I am, however, open to spending marketing dollars on platforms that are untested. Often, the only advantage one can get in marketing is discovering a new vector for it. I’m currently in the process of a few experiments, which unfortunately I cannot share publicly.
However, here are a few traditional methods I am using, in connection with this release:
- I have bought a Kirkus review. Kirkus is an industry staple, and authors who can afford to have their book reviewed are often benefitted by doing so.
- I have bought some advertising space in Publishers Weekly. This is another trade paper that has influence in the industry.
- I am making Advent 9 available at the Frankfurt, Sharjah, and Guadalajara book fairs through a partnership with Booklife (PW‘s independent book news arm) to give the novel some international exposure.
- I am going to arrange marketing with Amazon and BookBub. And likely Goodreads and Facebook, too.
- I have plans to push the Advent 9 audiobook, which already has the draw of having Michael Kramer attached.
And yes, I am also banking the book’s inherent quality. A better mousetrap is no marketing tool, but one thing I have noticed is that when people actually read Advent 9, good things miraculously start to happen.
It was after reading Advent 9 that caused David Farland to offer me a free second edit and the offer to help me publish.
It was after reading Advent 9 that Michael Kramer and Kate Reading became invested in my success, and they went above and beyond to produce a quality audiobook.
And if I can guarantee even a few people will read this book all the way through—even if that guarantee is secured by officially and transparently buying review space in a trusted publication (such as Kirkus or Publisher’s Weekly)—then I do not find it unreasonable that even more people will become invested in the fortunes of this book. Upon reading it, one can’t help but root for its success.
When I originally tried submitting this book for corporate publication, I often compared the experience to walking around a crowded city with a gold brick in my hand and hoping it gets stolen. Once people can see what it is I’ve got, they suddenly want it.
The only barrier is getting them to read the thing. Which, in the case of paid reviews, is quite convenient.

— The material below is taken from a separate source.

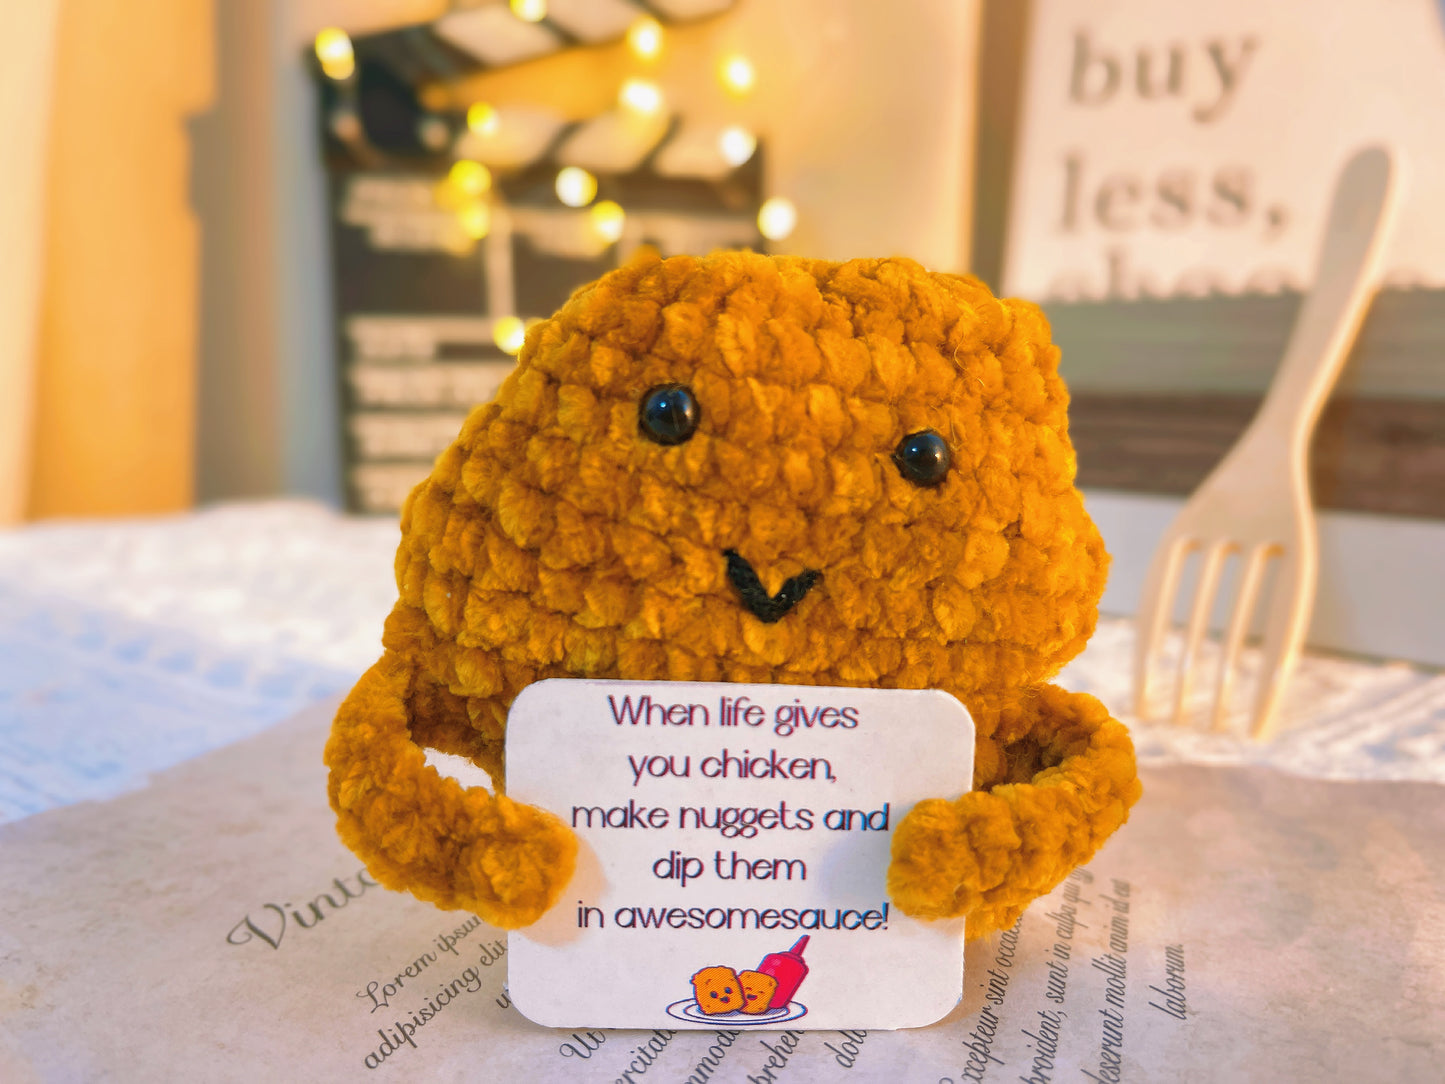 Crochet Emotional Support Pickle, Supportive Poo, Cheerful Lemon, & Chicken Nugget Plushie with Personalized Greeting Cards - Customizable Handcrafted Thoughtful Birthday Get Well Recovery Surgery Down the Hill Stress Relief Nursing Social Worker Gifts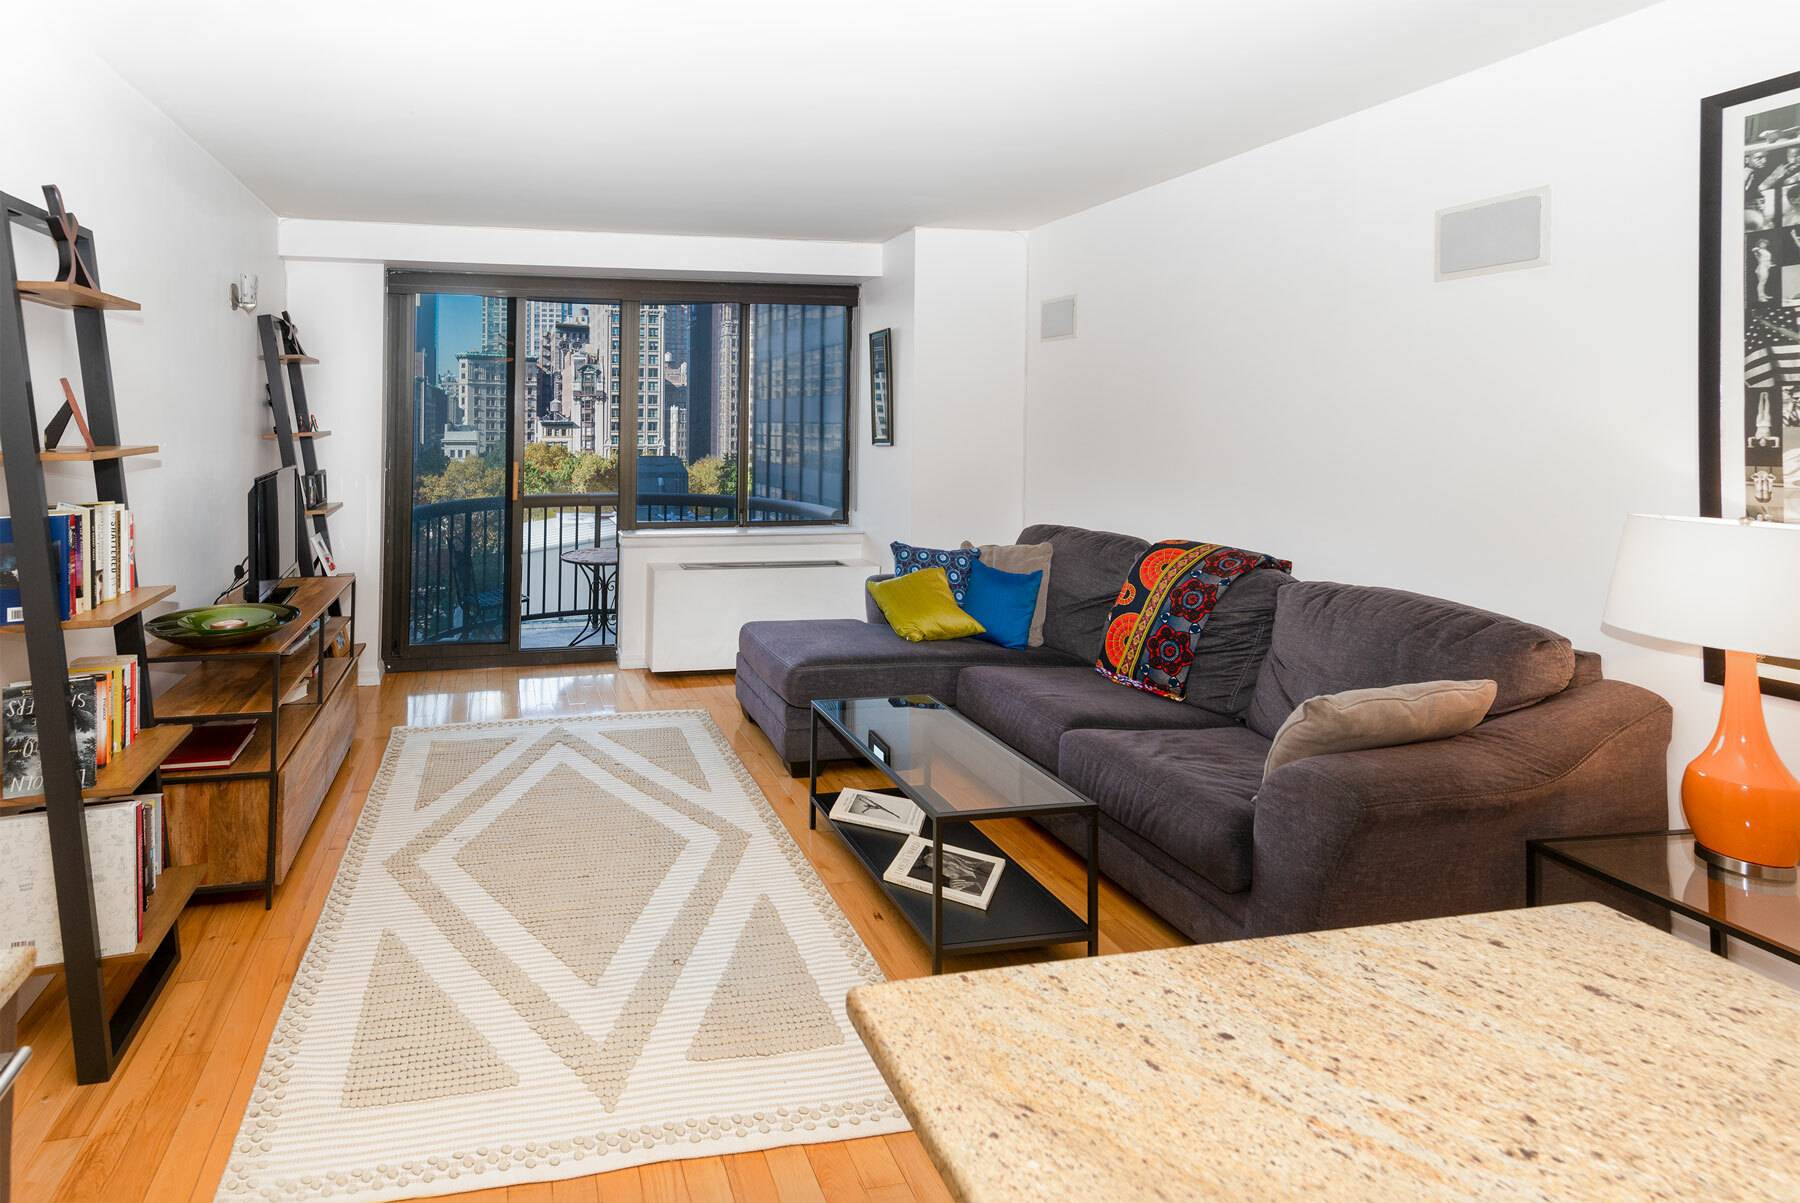 OPEN HOUSE SUNDAY JAN 24TH TO 17TH 11 12pm BY APPT ONLY WITH 24 HR NOTICE Perfectly situated at the crossroads of NoMad amp ; The Flatiron District, this triple ...

But the danger in this enterprise comes not from the known unknowns.
What Lack I Yet?
I have to admit that not all avenues for marketing Advent 9 are visible to me. There are things I don’t even know I should be trying. This is the part of publishing with which I was pinning all my hopes on David Farland’s expertise. If only he were still alive, I would know better where to focus my efforts.
I do not have him as a resource anymore. But you know who I do have?
You. And I mean all of you.
One man on his own, no matter how smart, is hopeless. But a million minds meeting across the datascape—that is genius.
If there is anything I am not trying, or that I haven’t mentioned, please leave a comment.
I’m serious. I have all sorts of blind spots, and I am actively looking for input. Leave it on the dotted line.
If not for my sake, than for the sake of a book that deserves recognition. The world is about to have a huge surprise dumped on it. You will not believe what I’ve been carrying around this crowded city for so many years.